REVIEW: Head Over Heels by Jill Shalvis

Dear Ms. Shalvis:

When I first started the Lucky Harbor series, I wasn’t sure I would like it. I have a visceral aversion to books with cute titles set in cutely named small towns, with covers colored in pastels and adorned with cute dogs or food. But my strong appreciation for your Sierra Nevada-set series pushed me past my initial resistance, and once I started the trilogy of Phoebe Traeger’s estranged daughters, I was just a little bit hooked. There is a basic affability to your books I cannot precisely articulate, and it often sweeps me along past issues I see more clearly in retrospect. Head Over Heels, the third book in the series, is probably my favorite, affably flawed as it is.

Head Over Heels by Jill ShalvisChloe Traeger has always been the wild child of the sisters, more like her mother in her unwillingness to settle in one place and follow what she perceives to be society’s conventions regarding marriage and family.  She was working with her two sisters, Maddie and Tara, to restore and run the B&B their mother had left them, but only as long as she could light out periodically on her own. These days, she was traveling to demonstrate and distribute her own line of natural spa products, which was already a small nod to stability, but the travel still nourished Chloe’s somewhat restless soul, especially when the alternative was getting into trouble with local law enforcement for helping her friend Lance “rescue” some abused dogs.

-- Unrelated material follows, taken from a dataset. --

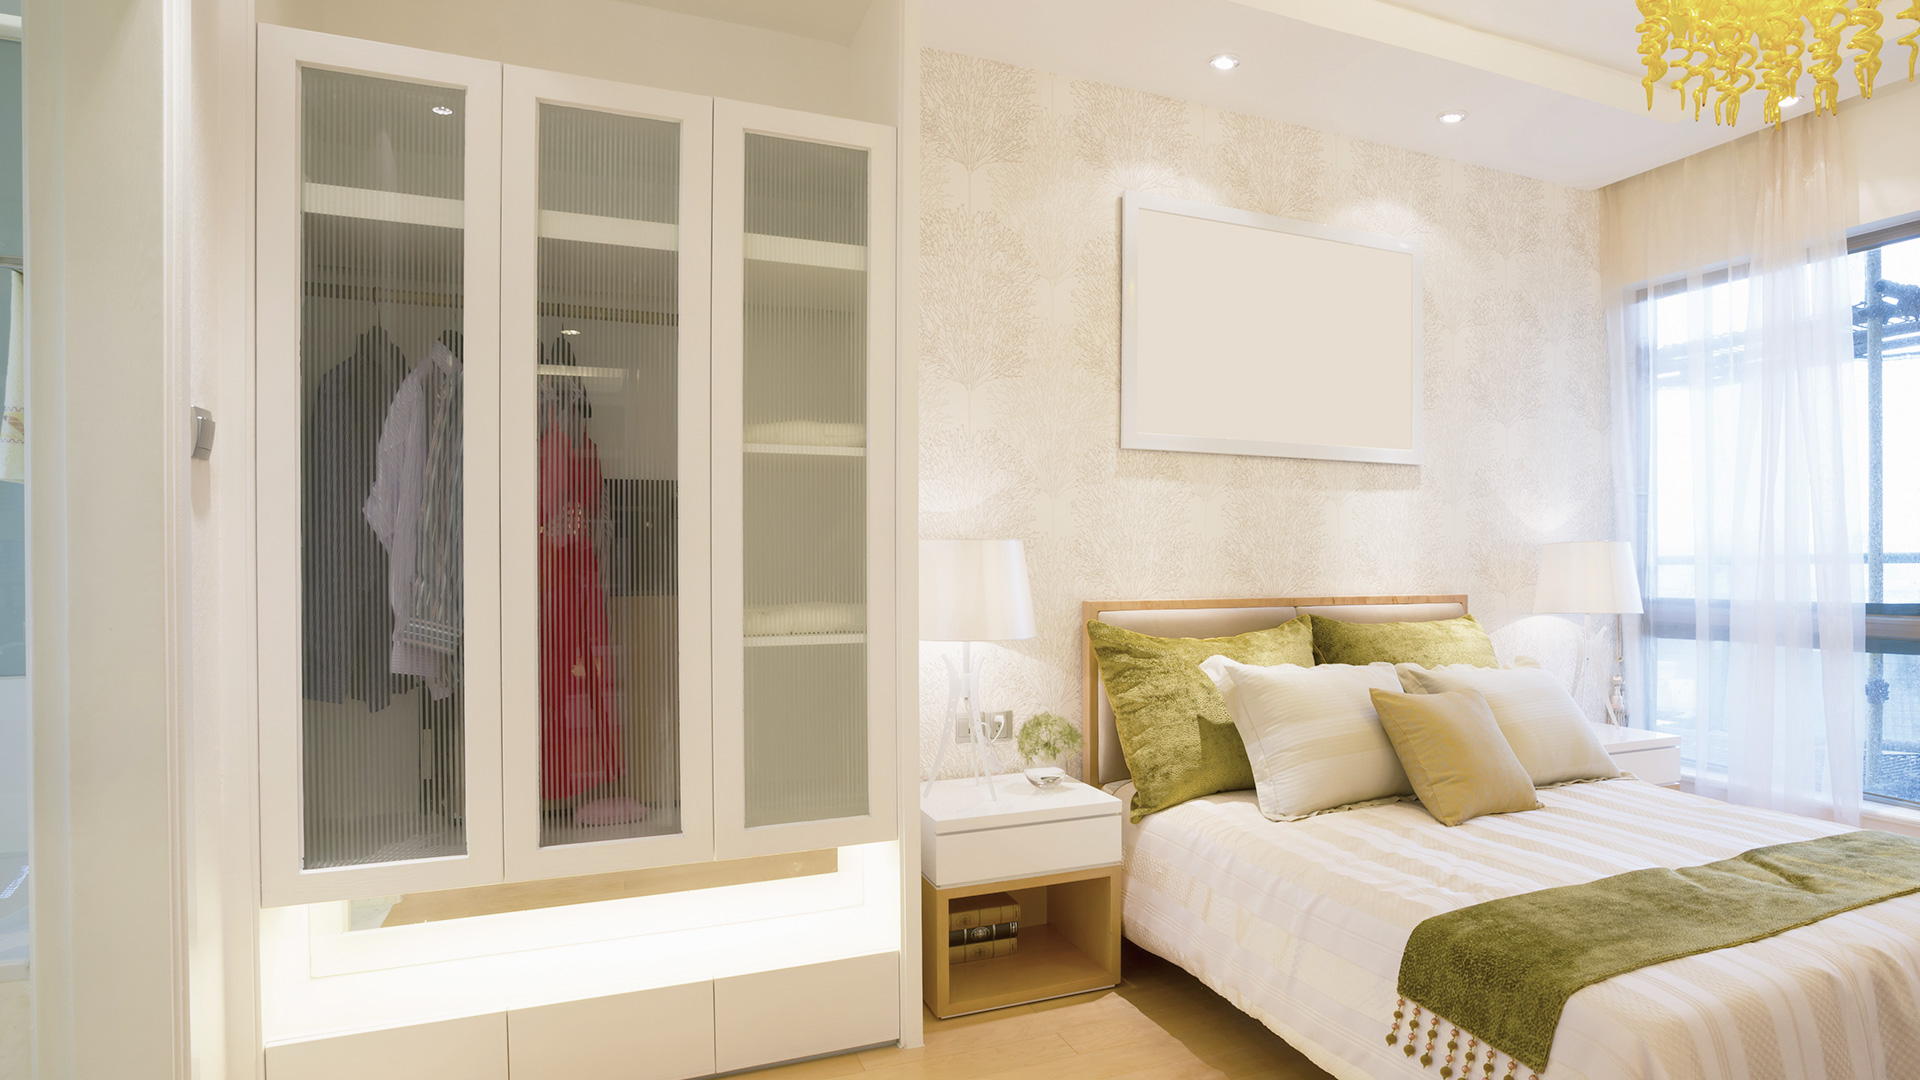 bespoke shaker style wardrobe doors for new existing. Black Bedroom Furniture Sets. Home Design Ideas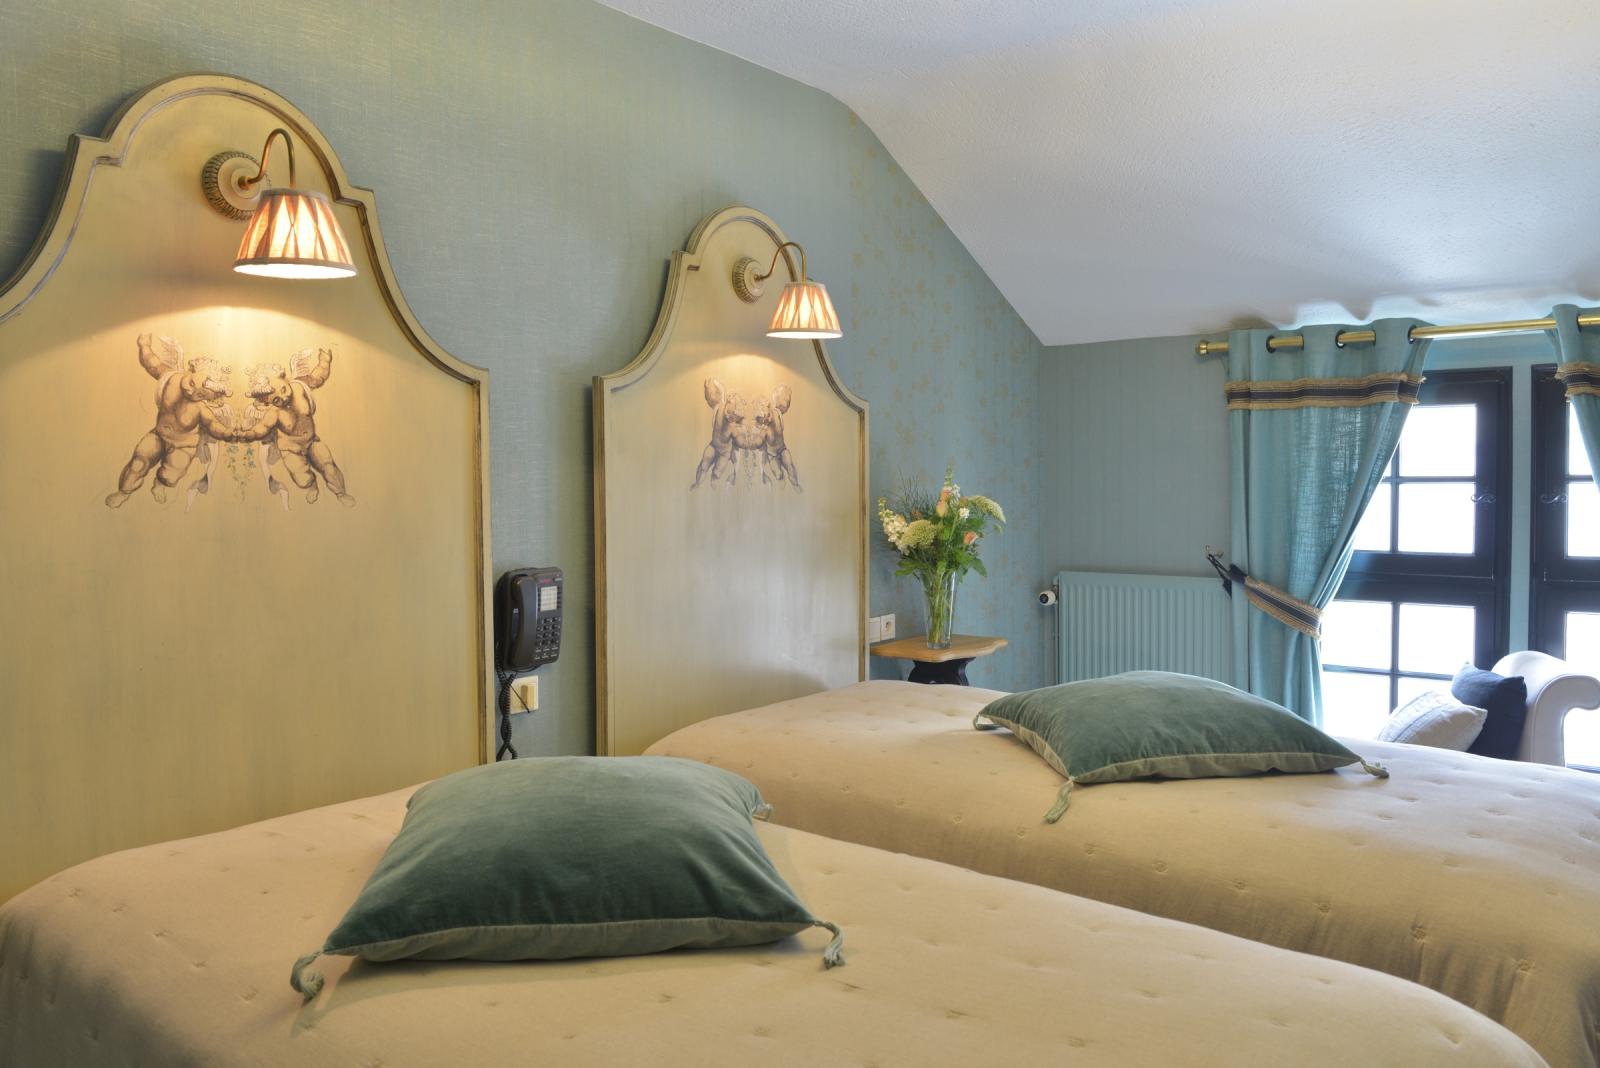 elegance room h tel saint pierre 4 toiles saumur france. Black Bedroom Furniture Sets. Home Design Ideas

Of course, local law enforcement represented more than legal trouble for Chloe; if she let him, Sawyer Thompson could put her into far more danger than Lance’s latest scheme — danger to her body, mind, and heart. Reformed bad boy turned sheriff, Sawyer has watched his two best friends, Jax and Ford, fall under the spell of Chloe’s sisters, and he knows he is a very short step away from the same fate with Chloe. The hell she could raise around town with Lance was nothing compared to the havoc she wreaked with his internal sense of order and control, and the worst thing was that Sawyer couldn’t make himself stay away from her:


[Chloe] wore a soft, black hoodie sweater that clung to her breasts and dark, hip-hugging jeans tucked into high-heeled boots that gave off a don’t-fuck-with-me air but made him ache to do just that.  There was a wildness to her tonight, hell every night, and an inner darkness that he was drawn to in spite of himself.

It called to his true inner nature, the matching wildness and darkness within him, which he’d tried to bury a long time ago.

As reluctant as Sawyer is to revisit that darkness, Chloe has an even more basic concern about getting involved with Sawyer. She has acute asthma, which makes all types of physical exertion, especially the good kind (and would there be any other kind with a guy like Sawyer?), uncomfortable at best and life-imperiling at worst. So powerful as their attraction and friction-producing flirting is, it’s not until Sawyer’s undercover work for the DEA brings him into conflict with one of the town’s real bad boys – who happens to have a growing interest in Chloe – that things really heat up between them.

Anyone who has read the first two books in this series has seen the smart-aleck flirtation between Chloe and Sawyer intensify over the year or so those books cover, and one of the things I appreciated about Head Over Heels was the way it continued to build on that dynamic rather than radically alter it for dramatic effect. And Chloe’s asthma is a very interesting issue in the relationship, because it forces both Chloe and Sawyer past the somewhat clichéd internal obstacles they have to cope with, as well. Sawyer, for example, has unresolved issues with his father, a man who cannot seem to see Sawyer as anything but the troublemaking teen he used to be, and Chloe pushes him to that fine psychological line dividing past from present. And Chloe struggles with her need to feel unimpeded by a “traditional life”:

She understood that, from the outside looking in, it might seem like she had a secret death wish, but she didn’t.  It was just that when she was in the midst of an asthma attack, she often felt so close to death that she, well, dared it.  But she just wanted to run or dance or laugh hard, or have sex without needing an inhaler and possibly an ambulance.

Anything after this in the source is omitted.